“Kelompok blogger dan hacker yang selalu bertindak negatif adalah pelakunya. Hal ini membuktikan, yang namanya blogger dan hacker Indonesia belum bisa mencerminkan citra positif,” tegas Roy kepada detikINET, Kamis (27/3/2008).
“Saya yakin para blogger dan hacker pasti akan melakukan serangan terhadap sistem itu.

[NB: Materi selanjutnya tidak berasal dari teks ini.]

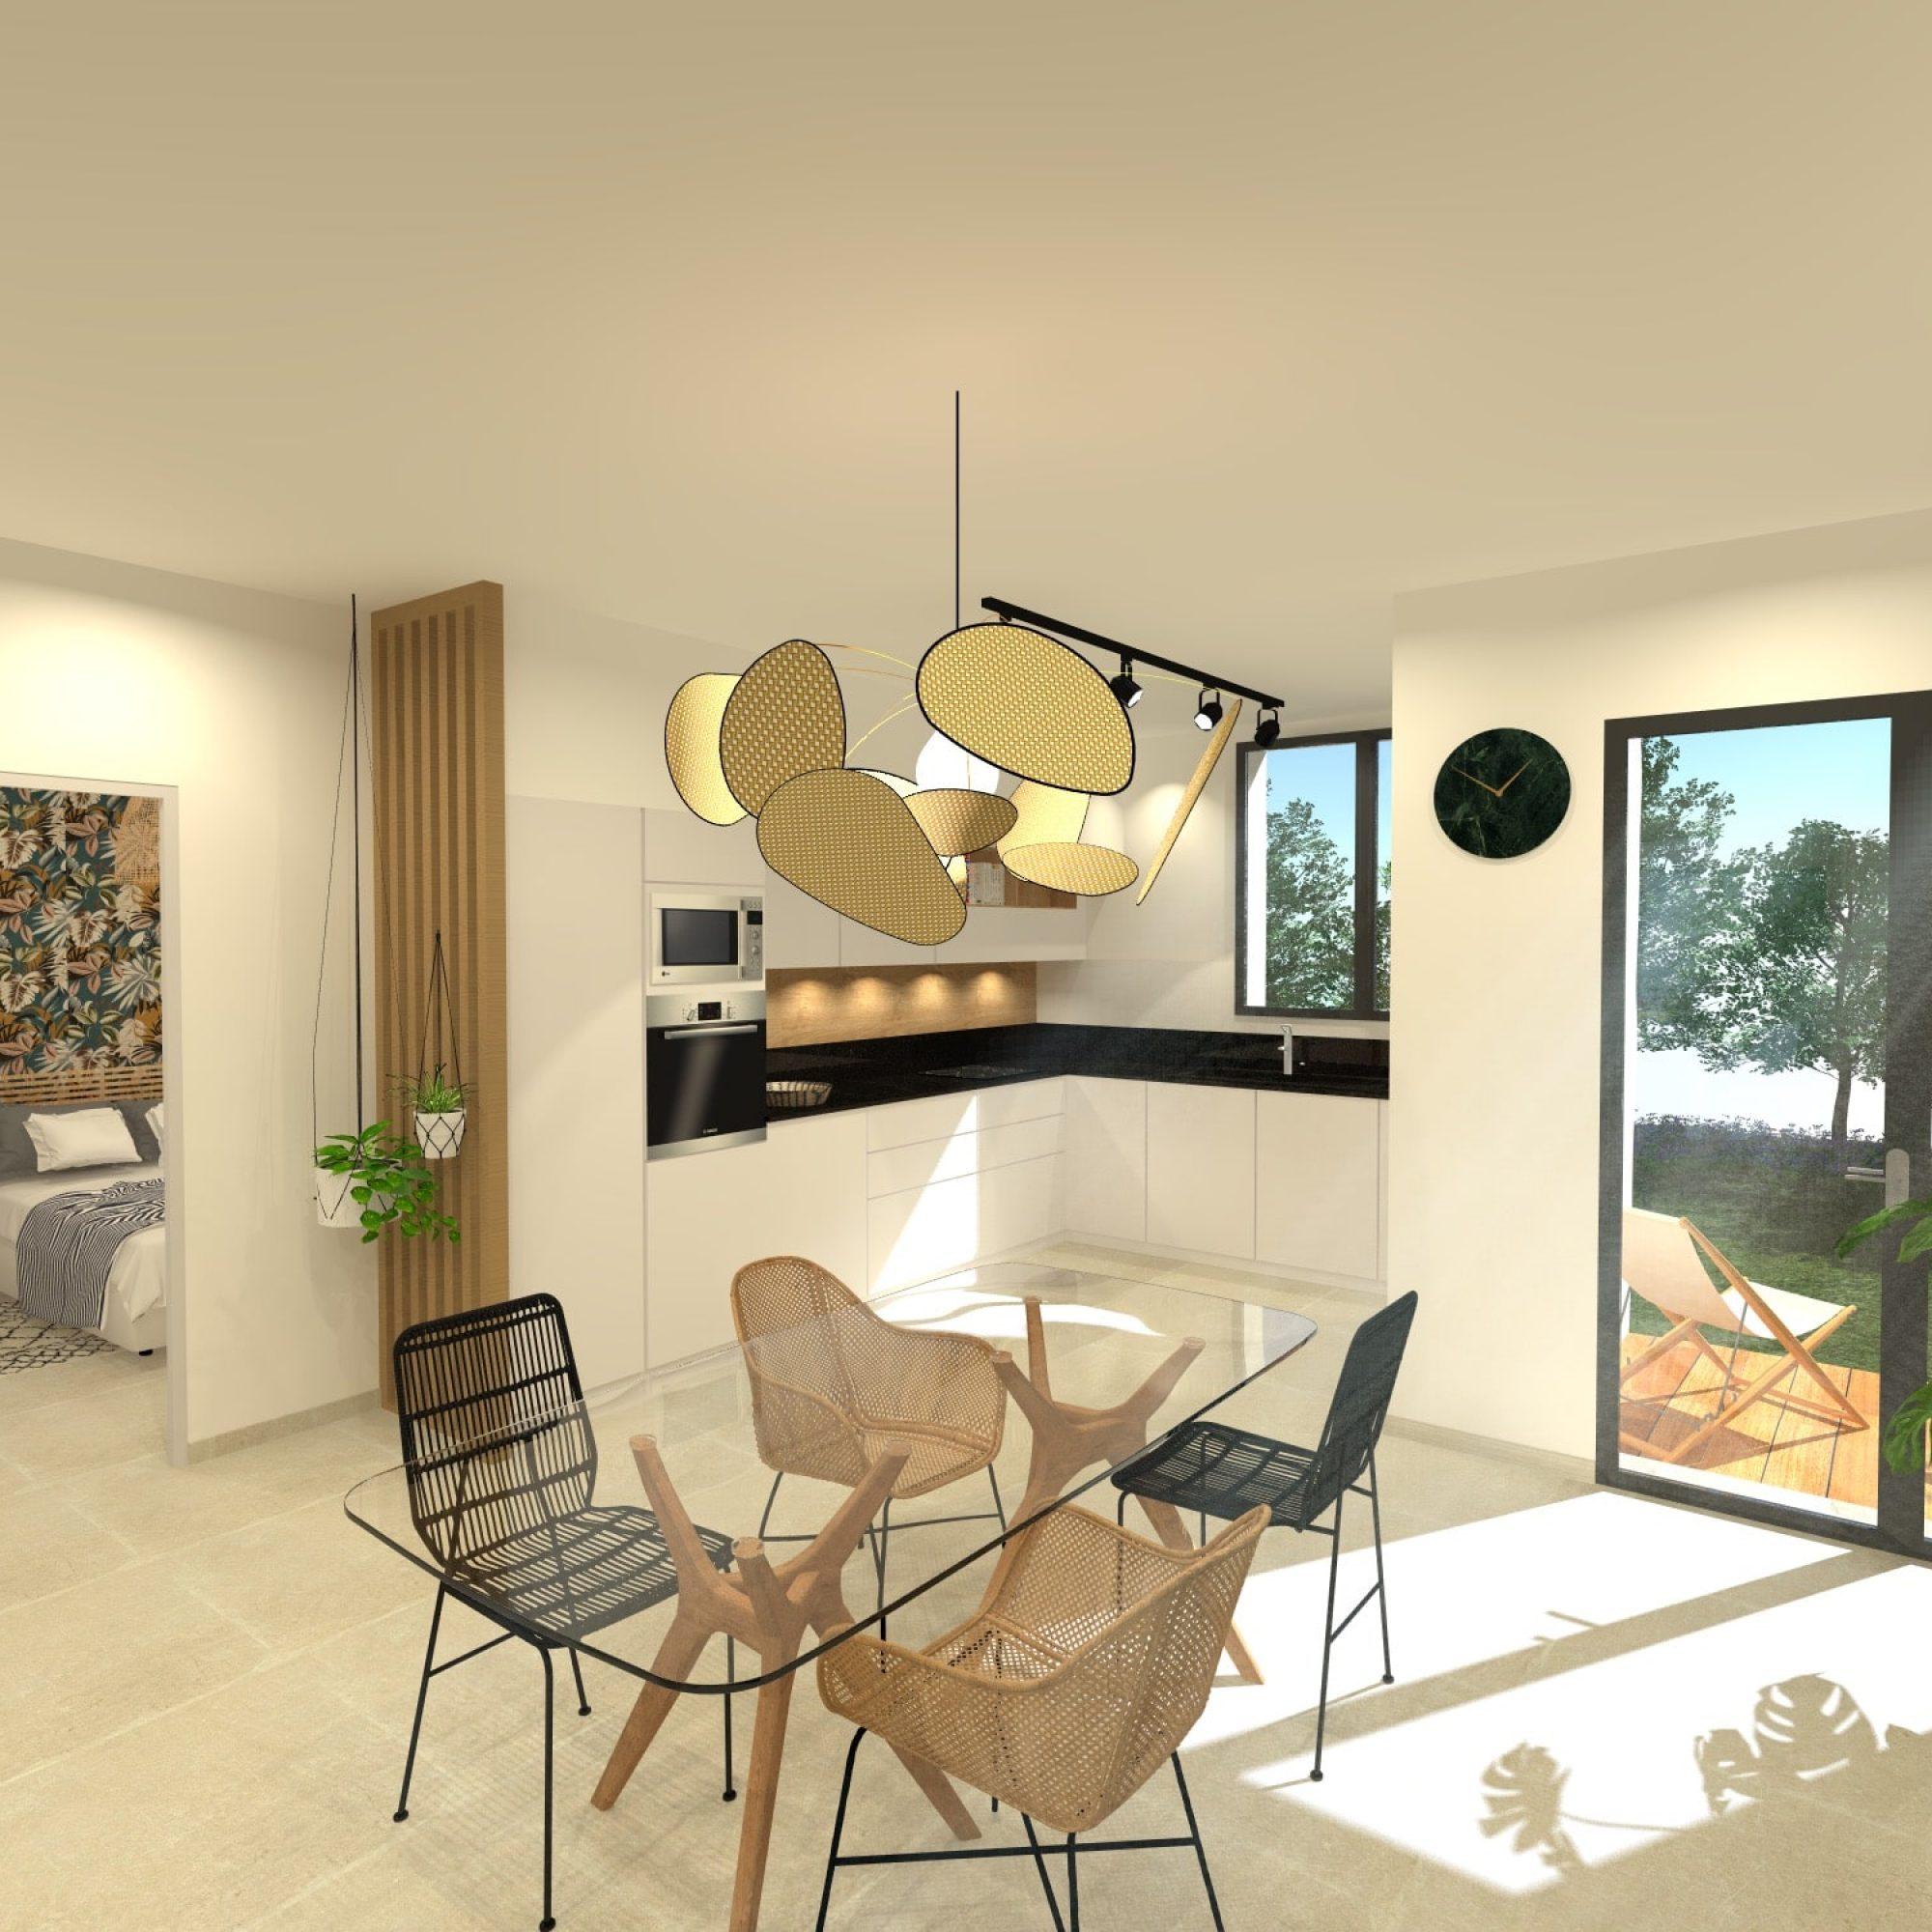 renovation-travaux-architecte-mauguio-decoratateur-architectedinterieur-montpellier-cuisine-amenagement-ilot-chene-ameublement-surmesure-billard-herault-miele-travaux-construction-rochebobois-flos-veneta-osier-laredoute-maison-appartement-modifierinterieur-quart-plandetravail-claustra-cheminee-leroymerlin-faience-spot

Tetapi, kemungkinan ancaman tersebut bukan berarti melemahkan niat pemerintah,” katanya. (Kompas)
Enough said, anak TK juga tau bedanya!






Comment(s) For This Post
There are 12 comment(s)
Mar 27, 2008 - 5:41 pm
wah… seperti membaca sebuah satire… lucu tapi nyebelin
Mar 27, 2008 - 9:47 pm
RS emang gituh yah….. maen nyama-nyamain ajah….. asal nyemplak alias asal ngomong….
yah….. lama-lama nanti dia mengclaim sebagai bapak internet indonesia…. terus jadi deh mentri Per-Internetan….
tidaaaaaaakkkkkkkk………..!
*salamDamai…
Mar 28, 2008 - 7:01 am
Blah, dari dulu kebiasaan asal njeplaknya gak ilang-ilang. Kalo blogger udah jelas-jelas gak akan nyerang sistem, dan kalaupun hacker, tidak akan berbuat hal yang merugikan. Cracker kali maksutnya…
Blogger dan hacker Indonesia belum bisa mencerminkan citra positif? Kemana aja lu, oy? Gak pernah buka internet kali ni orang..
Mar 28, 2008 - 7:10 am
Dari dulu pingin jadi hacker, eh hanya jadi blogger aja cukup bisa jadi hacker wakakaka
Mar 28, 2008 - 11:19 am
cape deh, kenapa sih RS selalu kontrversi?
Mar 28, 2008 - 4:54 pm
eh roy suryo om gw tuh.. orang baik kok dia.. huuu pada iri aja sih kalian!
*kekekeke
Mar 29, 2008 - 4:06 pm
Setiap komentarnya bung RS ini selalu nyebut2 Blogger dalam masalah deface beberapa situs pemerintahan. Mungkin ia perlu belajar untuk membedakan istilah Blogger, Hacker ataupun cracker. Capek dech………
Mar 30, 2008 - 3:24 am
Aneh dan nggak berdasar…
Apr 1, 2008 - 11:53 pm
hue kalo yg dikompas sudah baca tp kalu yg d detik bru tau pagi ini *telat kok kebiasaan* =(( bner2 sakti yoh mbahdukun telematika itu “ra duwe wedi” =))
Apr 4, 2008 - 3:51 am
Masih mending daripada dia bilang Friendster pelakunya. hehehehe
Jun 27, 2008 - 8:39 am
Cocoknya ini disebut dagelan IT, persis seperti di mengikrarkan diri sebagai penemu “hanja” pada lagu kebangsaan Indonesia Raya, yang padahal dia cuma copy paste file tersebut dari anak-anak komunitas Air Putih. Memalukan ya? Pakar tapi tak tahu Pakem.